Certification of the Chief Financial Officer of
Caldera International, Inc. pursuant to 18 U.S.C. § 1350

        In connection with the annual report of Caldera International, Inc. (the "Company") on Form 10-K/A for the year ended October 31, 2002, Robert K. Bench hereby certifies, pursuant to 18 U.S.C. § 1350, as adopted pursuant to Section 906 of the Sarbanes-Oxley Act of 2002, that to the best of his knowledge:

    1.
    The annual report fully complies with the requirements of Section 13(a) of the Securities Exchange Act of 1934; and

    2.
    The information contained in the annual report fairly presents, in all material respects, the financial condition and results of operations of the Company.

January 30, 2003

/s/  ROBERT K. BENCH      
Robert K. Bench, Chief Financial Officer
 

        The above certification is furnished solely to accompany the Report pursuant to Section 906 of the Sarbanes-Oxley Act of 2002 (18 U.S.C. § 1350) and is not being filed as part of the Form 10-K/A or as a separate disclosure statement.
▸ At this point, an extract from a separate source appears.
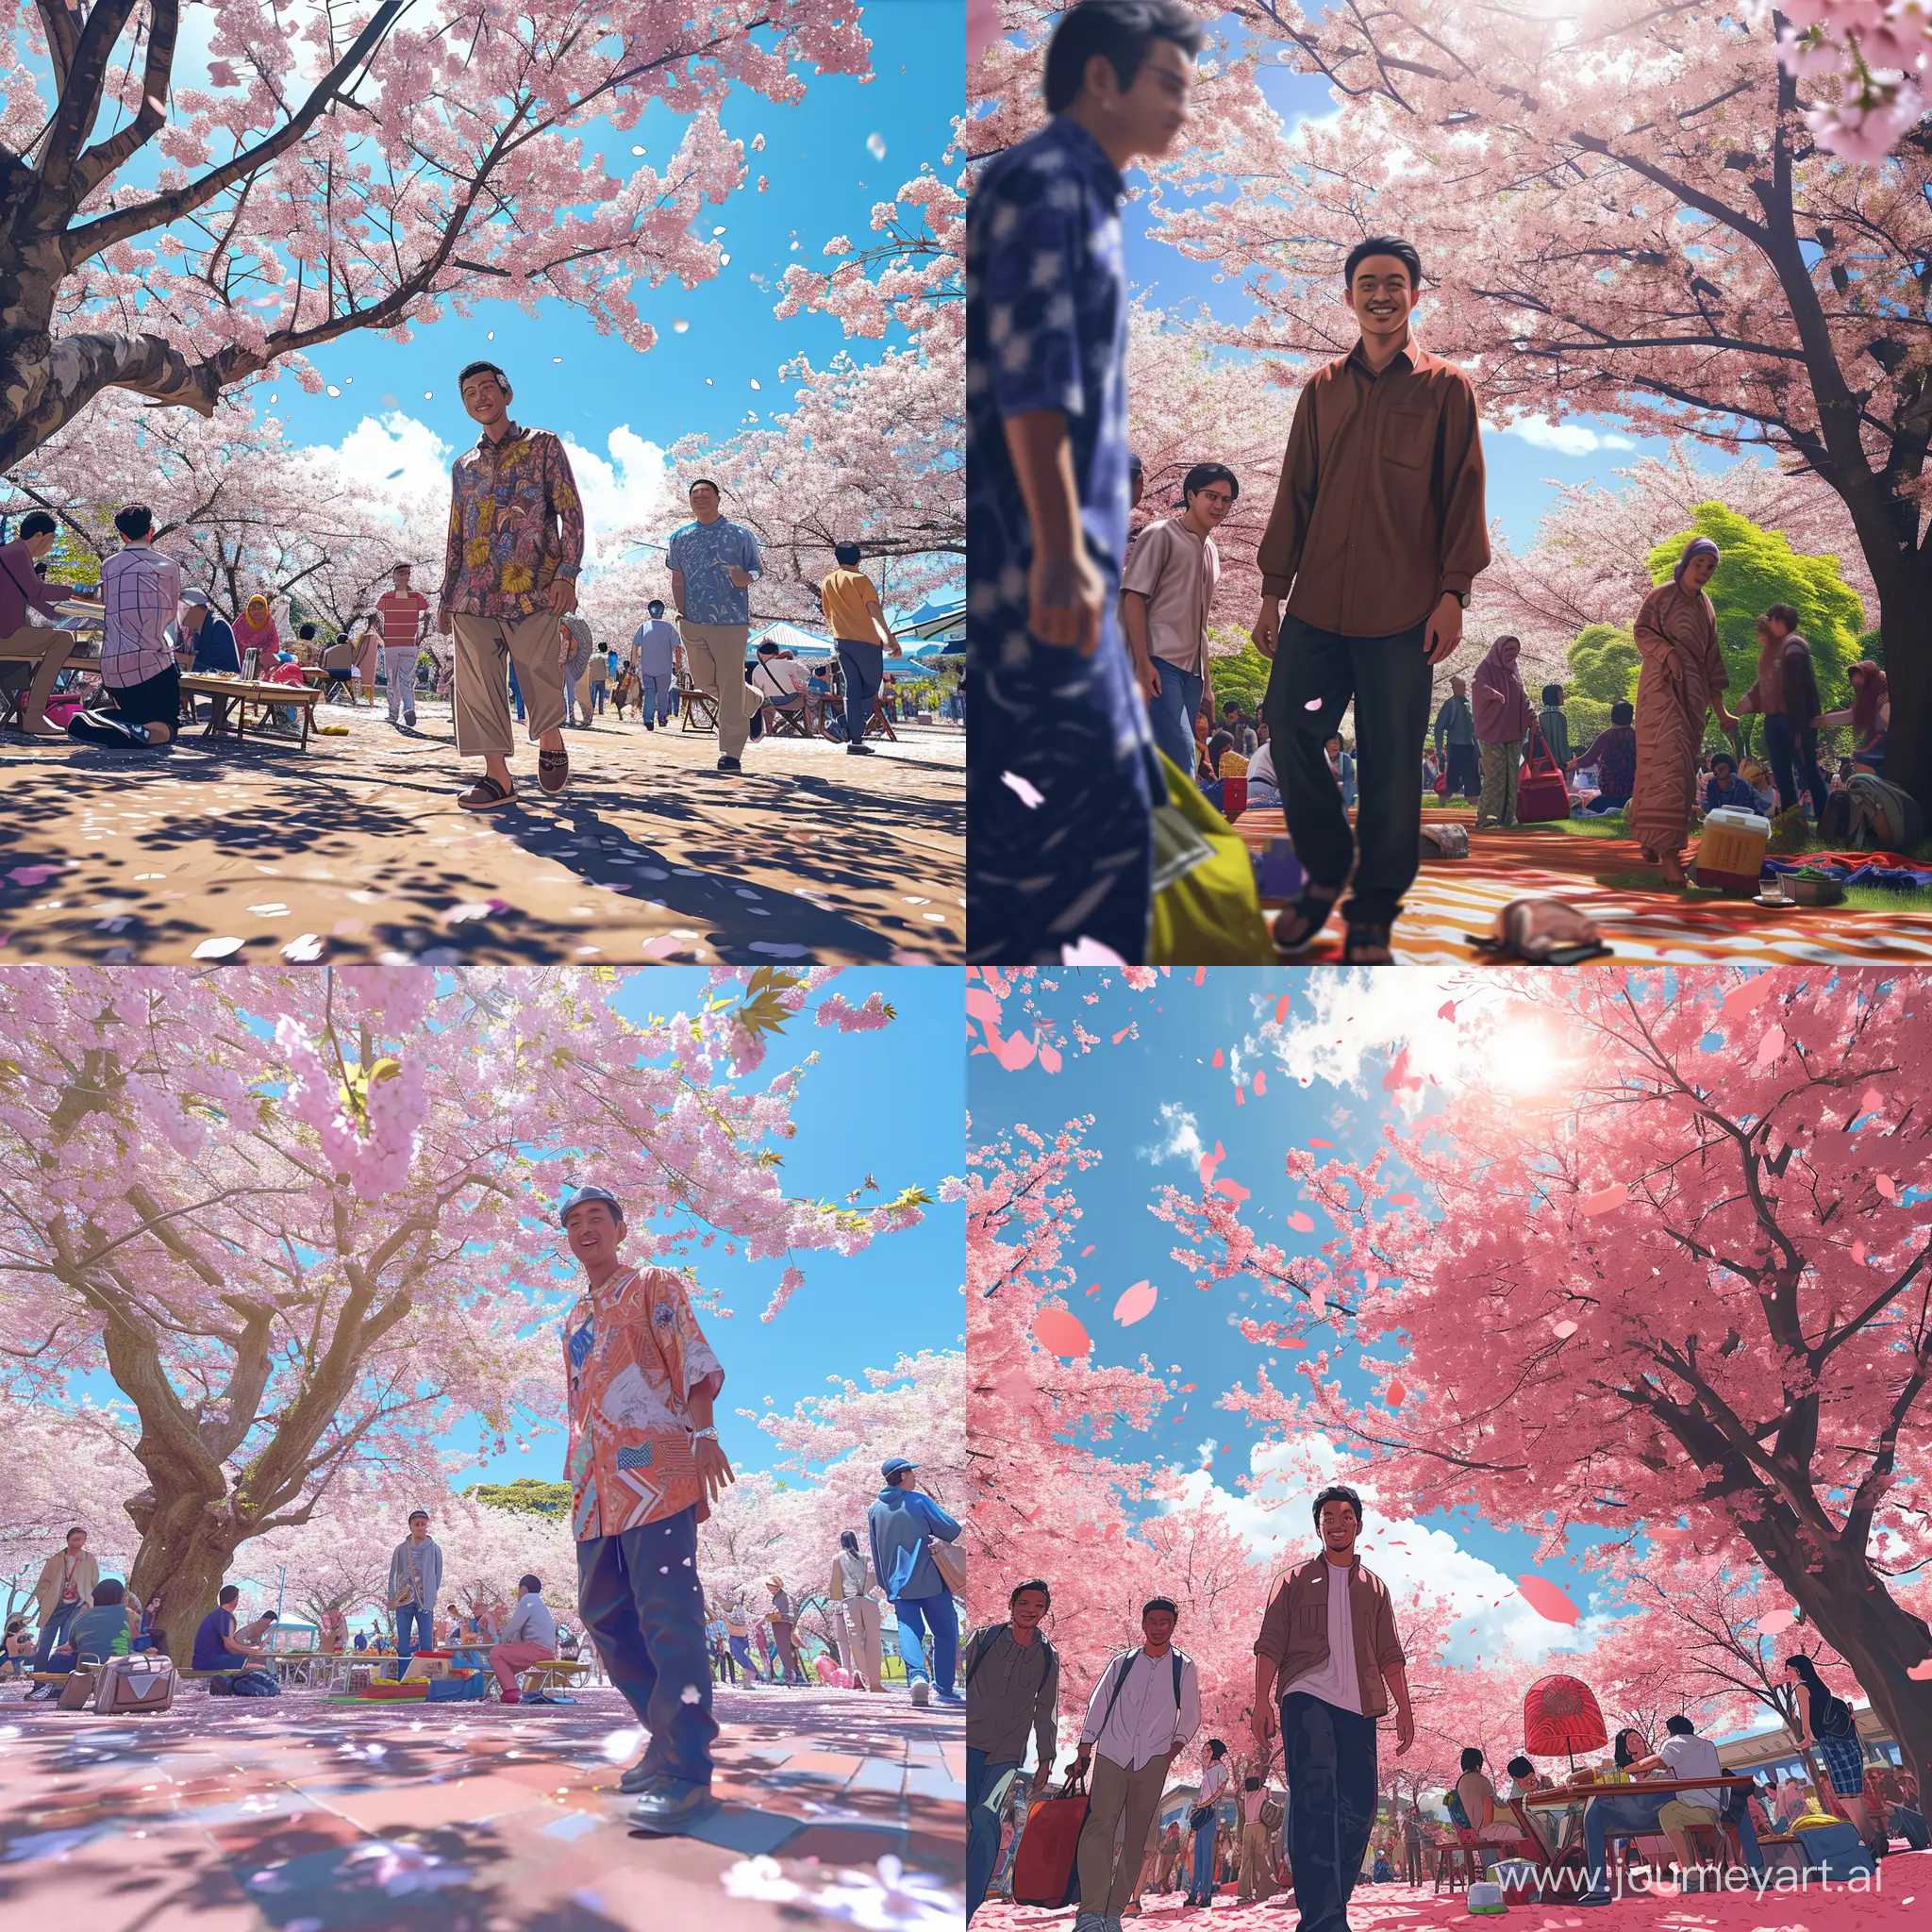 Malay-Man-in-Baju-Melayu-Enjoying-Hanami-Picnic-under-Cherry-Blossoms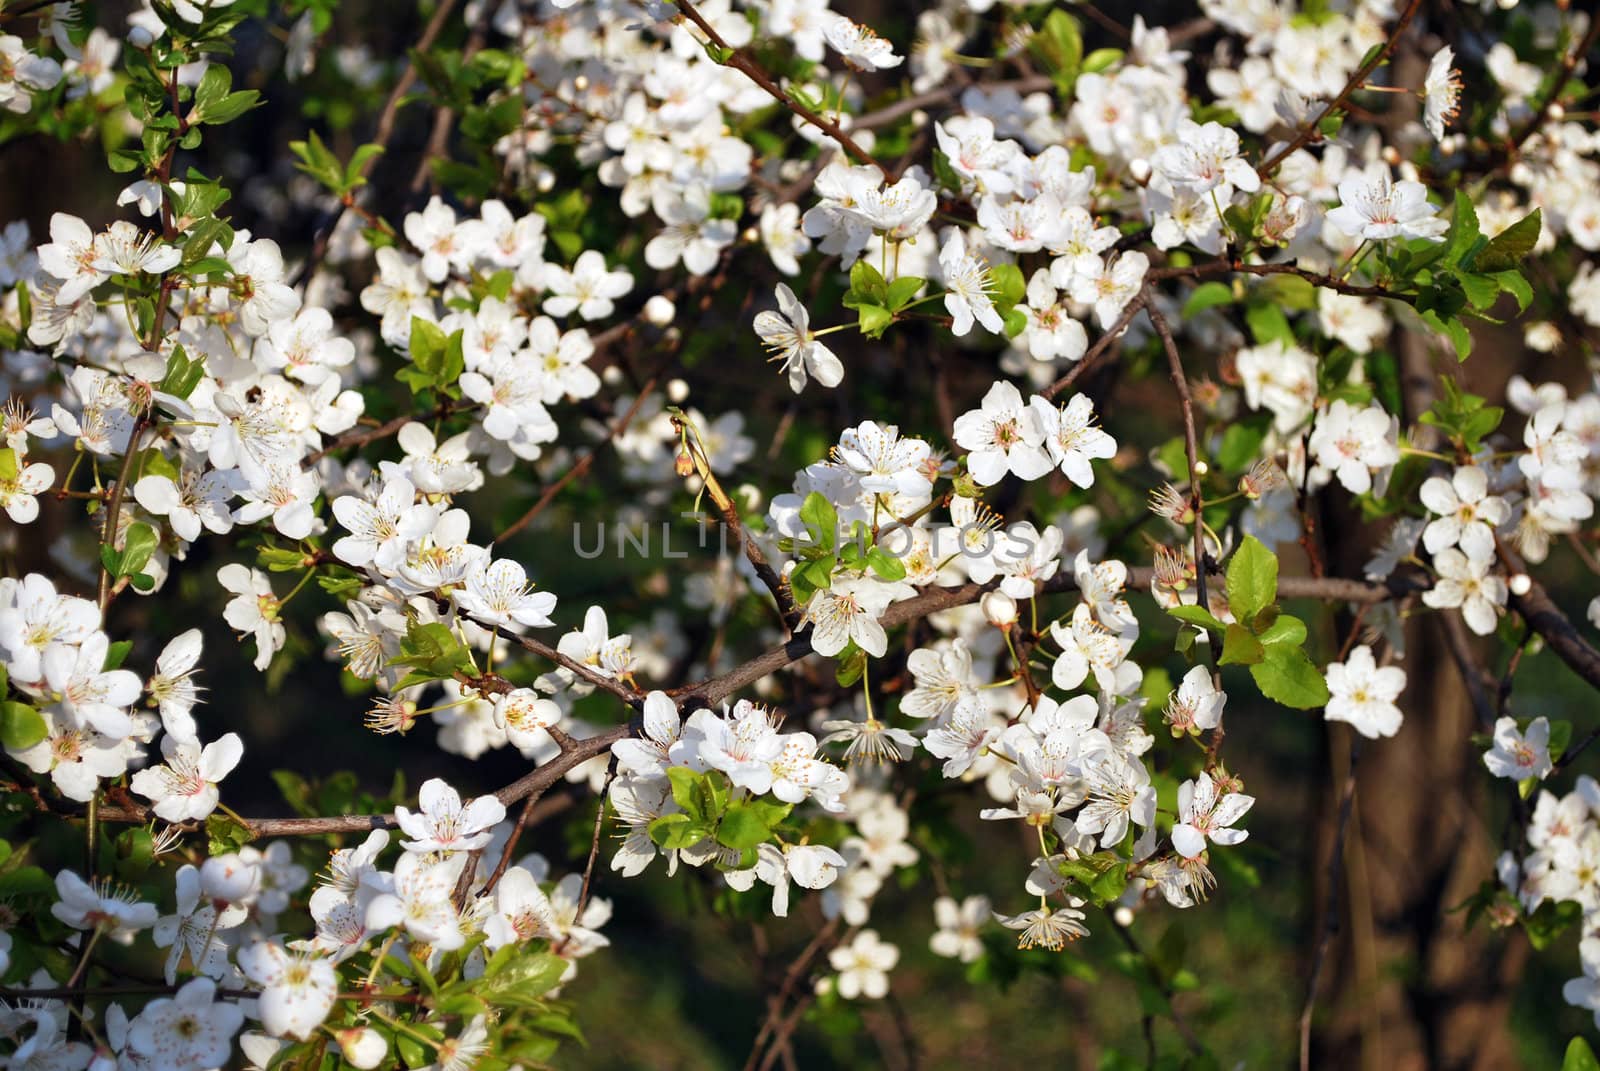 White Flower On Tree by tony4urban

        Pursuant to 18 U.S.C. § 1350, as created by Section 906 of the Sarbanes-Oxley Act of 2002, the following certifications were made to accompany the Form 10-K/A.

Certification of the Chief Executive Officer of
Caldera International, Inc. pursuant to 18 U.S.C. § 1350

        In connection with the annual report of Caldera International, Inc. (the "Company") on Form 10-K/A for the year ended October 31, 2002, Darl C. McBride hereby certifies, pursuant to 18 U.S.C. § 1350, as adopted pursuant to Section 906 of the Sarbanes-Oxley Act of 2002, that to the best of his knowledge:

    1.
    The annual report fully complies with the requirements of Section 13(a) of the Securities Exchange Act of 1934; and

    2.
    The information contained in the annual report fairly presents, in all material respects, the financial condition and results of operations of the Company.

January 30, 2003

/s/  DARL C. MCBRIDE      
Darl C. McBride, Chief Executive Officer
 

        The above certification is furnished solely to accompany the Report pursuant to Section 906 of the Sarbanes-Oxley Act of 2002 (18 U.S.C. § 1350) and is not being filed as part of the Form 10-K/A or as a separate disclosure statement.